His order cited “credible evidence” that a takeover “threatens to impair the national security of the United States”.

Qualcomm was already trying to fend off Broadcom’s bid.

A takeover would have created the world’s third largest computer chipmaker.

It would also have been the biggest takeover in the technology sector.

The presidential order said: “The proposed takeover of Qualcomm by the Purchaser (Broadcom) is prohibited, and any substantially equivalent merger, acquisition, or takeover, whether effected directly or indirectly, is also prohibited.”

The bid attempt was already being investigated by the Committee on Foreign Investment in the US, a multi-agency led by the US Treasury Department.

Broadcom had been pursuing San Diego-based Qualcomm for about four months.
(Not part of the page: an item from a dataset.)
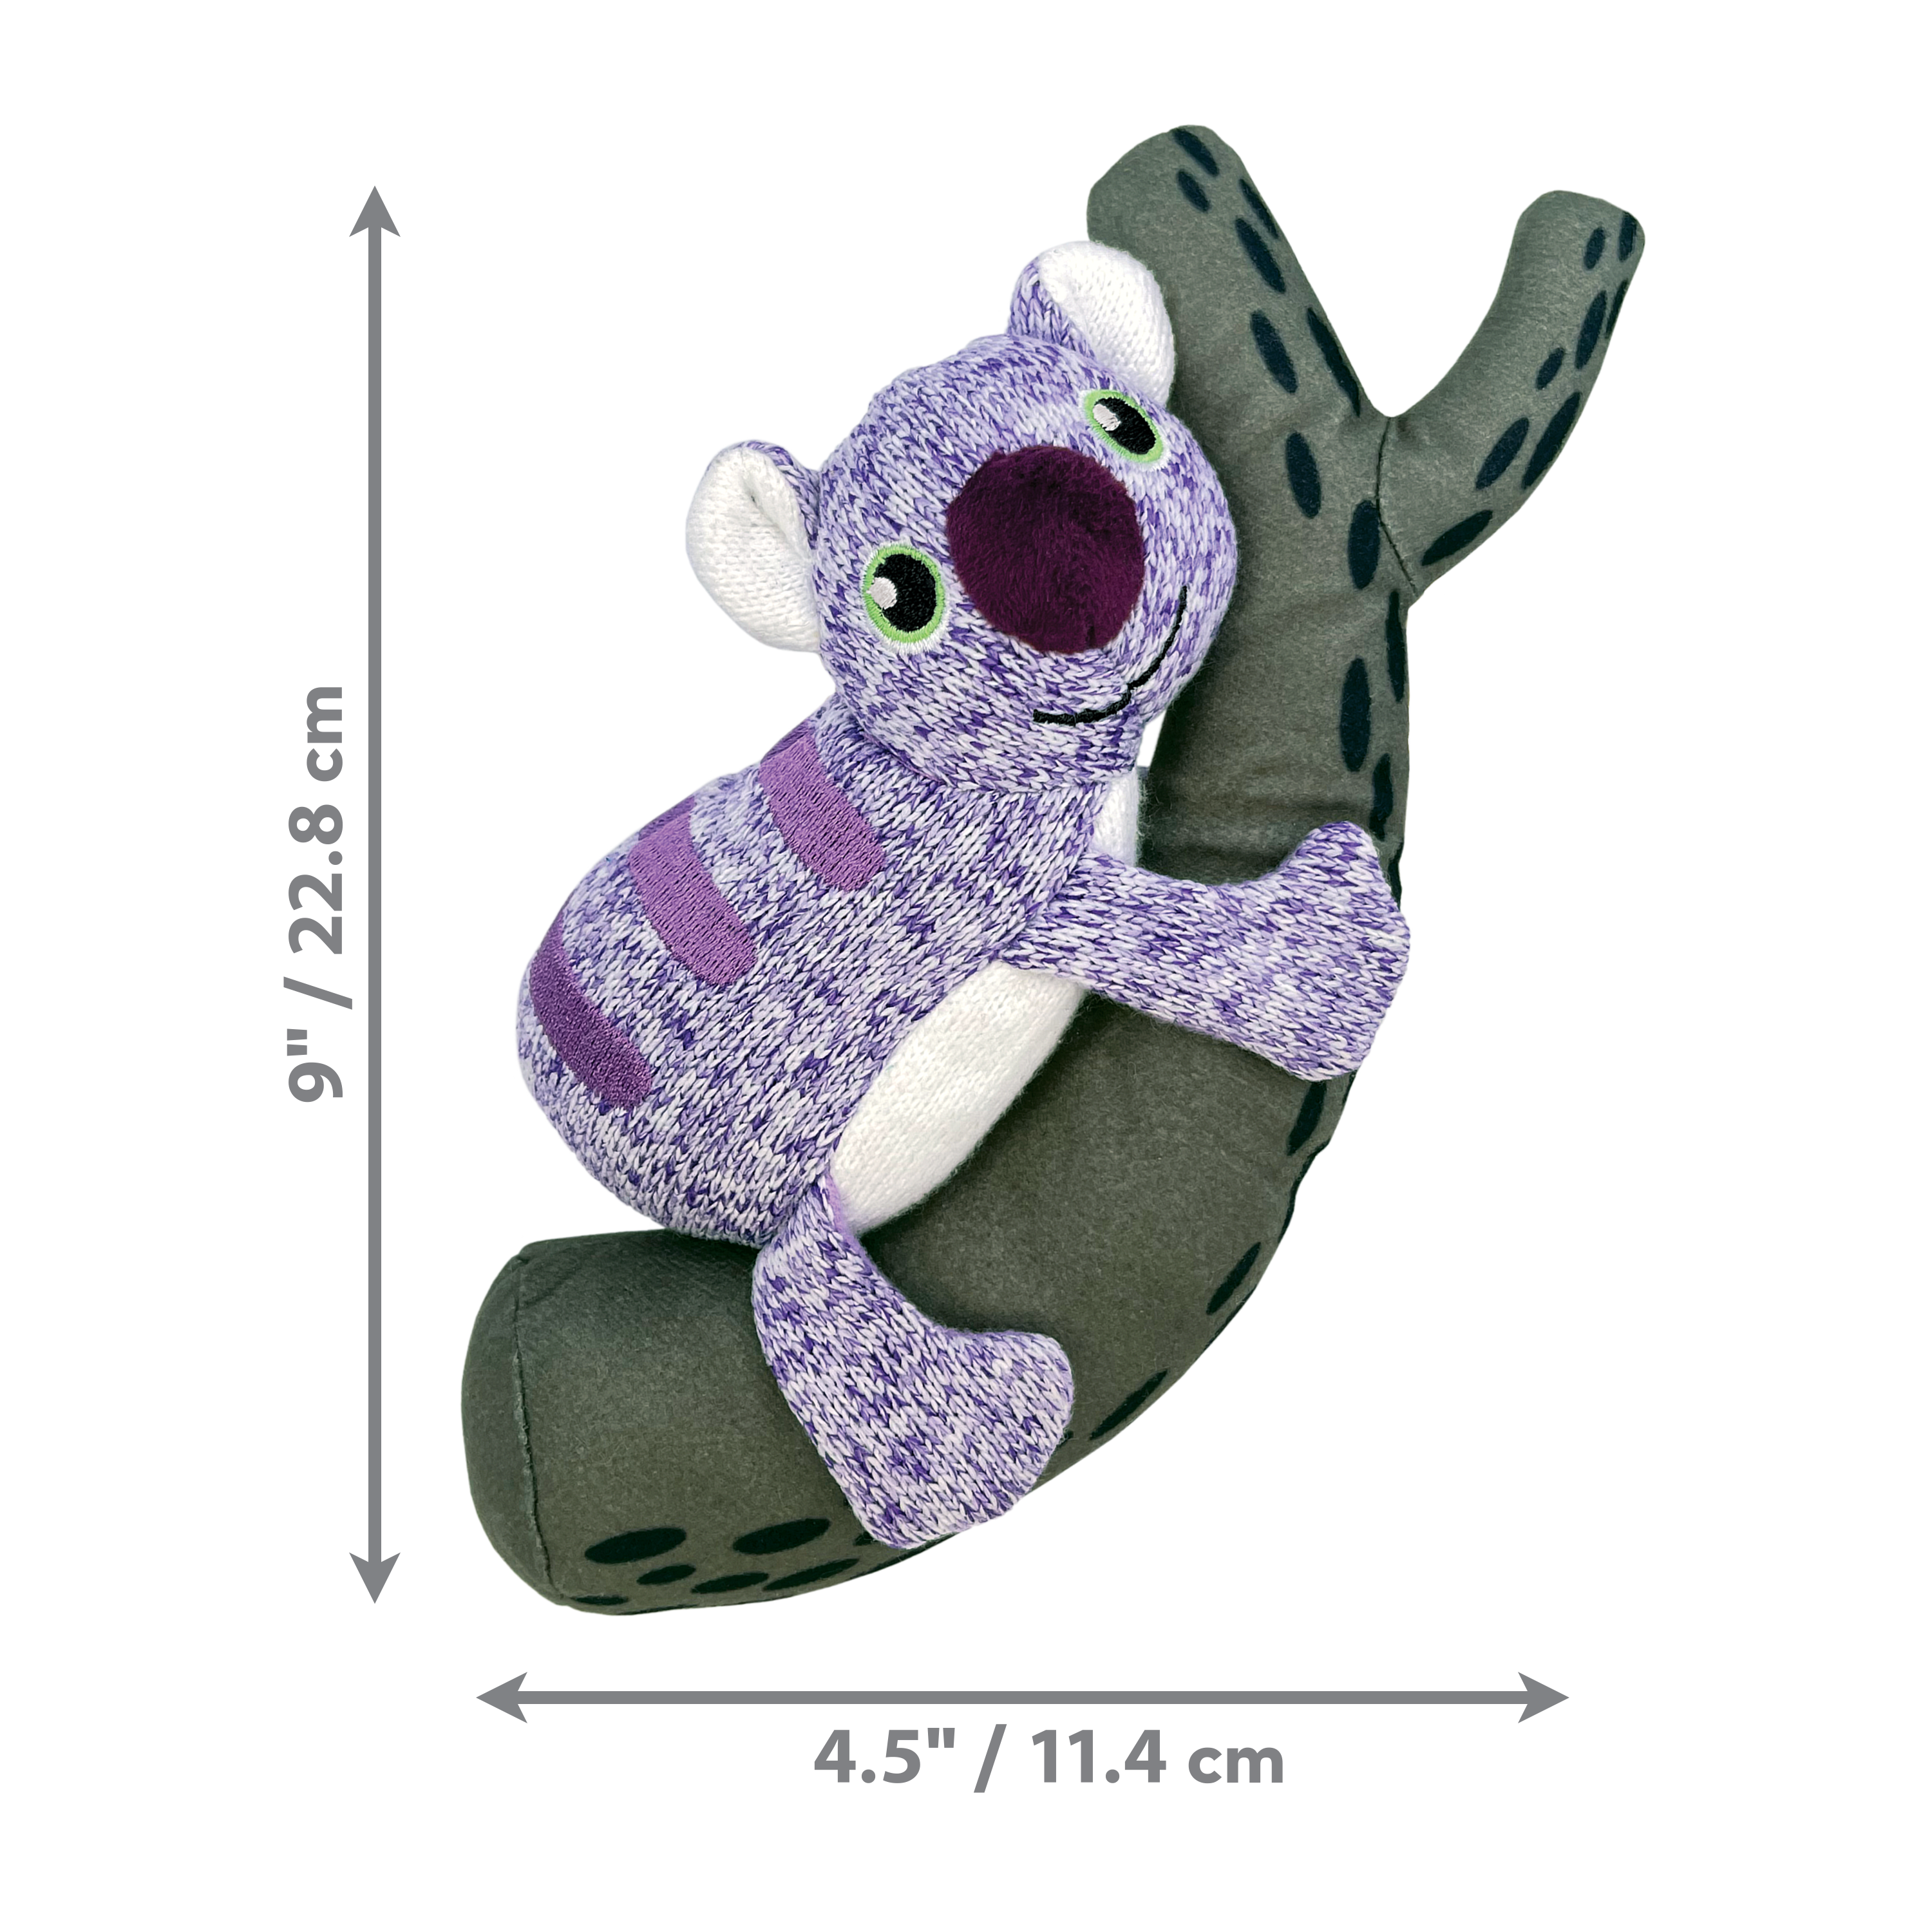 Pull-A-Partz Pals Koala dimoffpack product image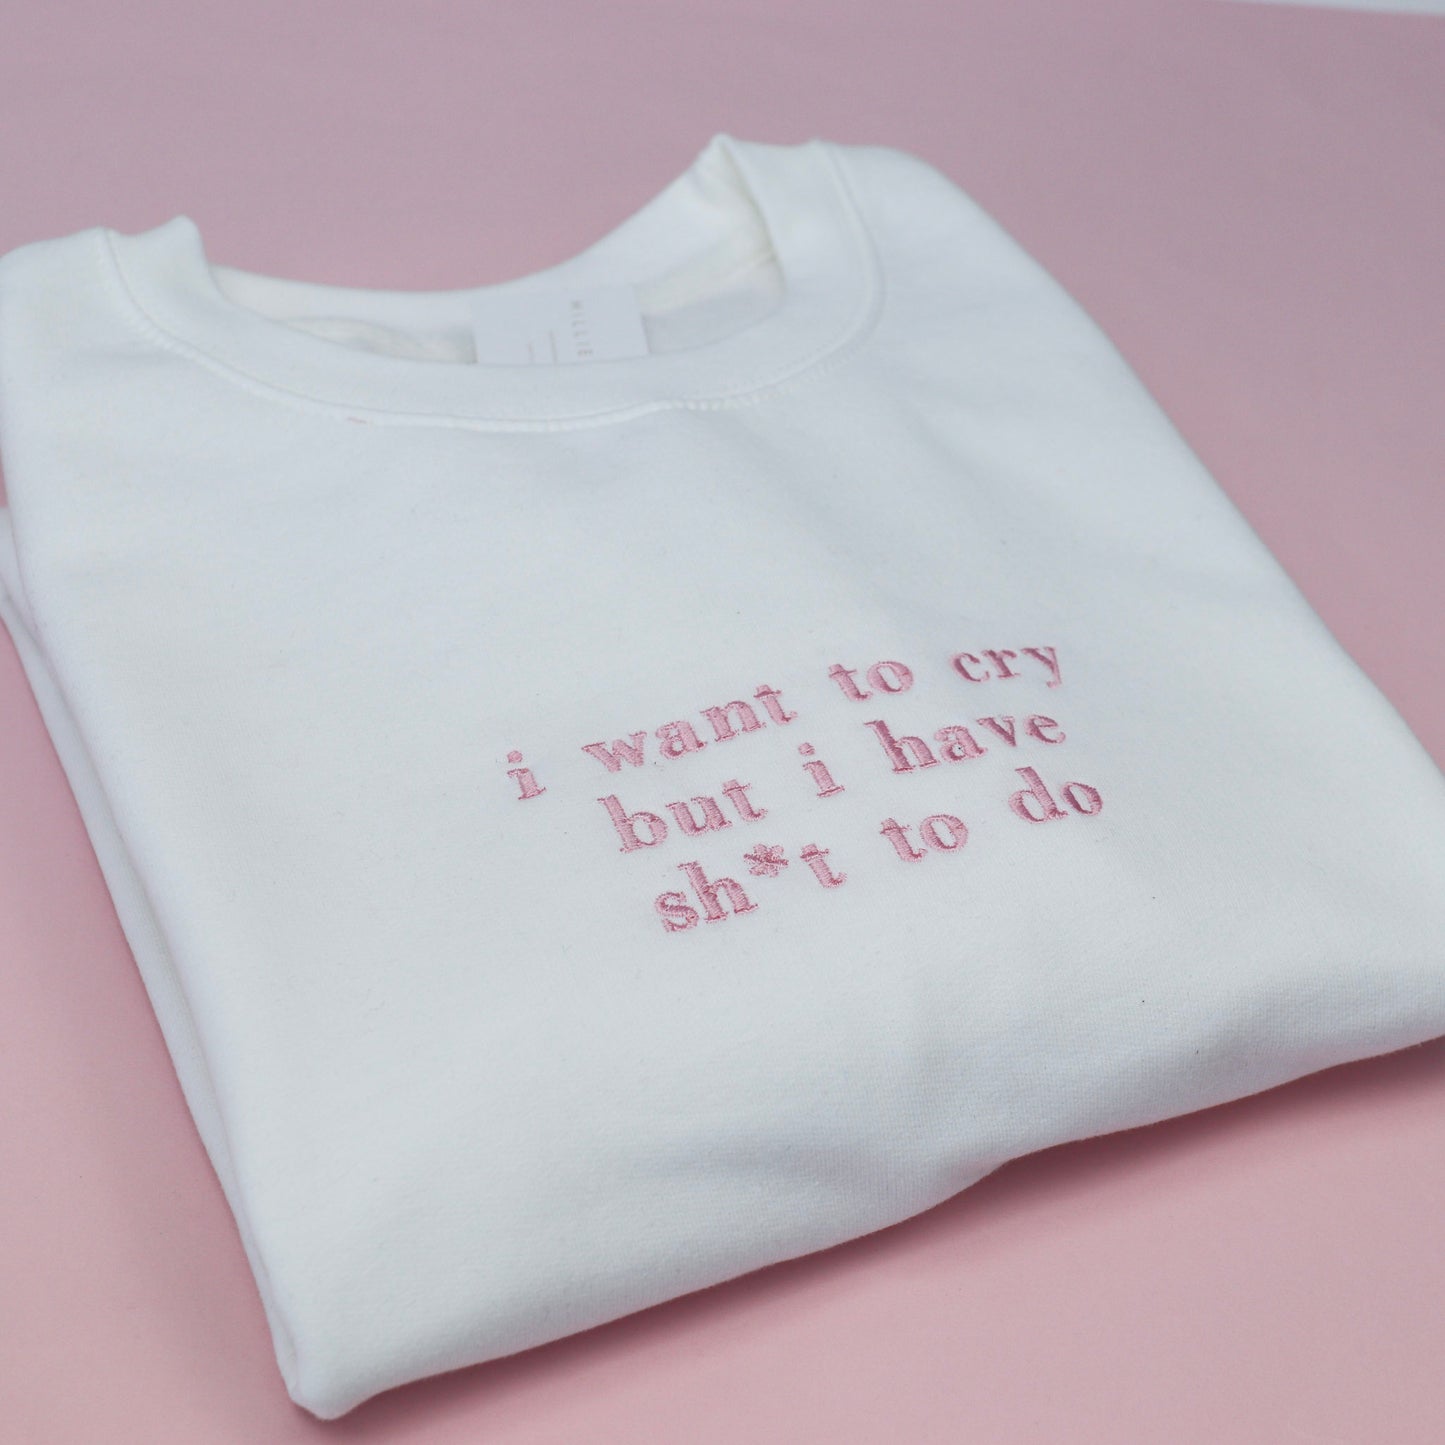 i want to cry but I have sh*t to do Embroidered Unisex Adults Sweatshirt

The sector is in a race to develop chips for the latest 5G wireless technology, and Qualcomm was considered by Broadcom a significant asset in its bid to gain market share.

The US company had rejected approaches from its rival on the grounds that the offer undervalued the business, and also that any takeover would face antitrust hurdles.

Earlier this year, Chinese telecoms giant Huawei said it had not been able to strike a deal to sell its new smartphone via a US carrier, widely believed to be AT&T.

The US also recently blocked the $1.2bn sale of money transfer firm Moneygram to China’s Ant Financial, the digital payments arm of Alibaba.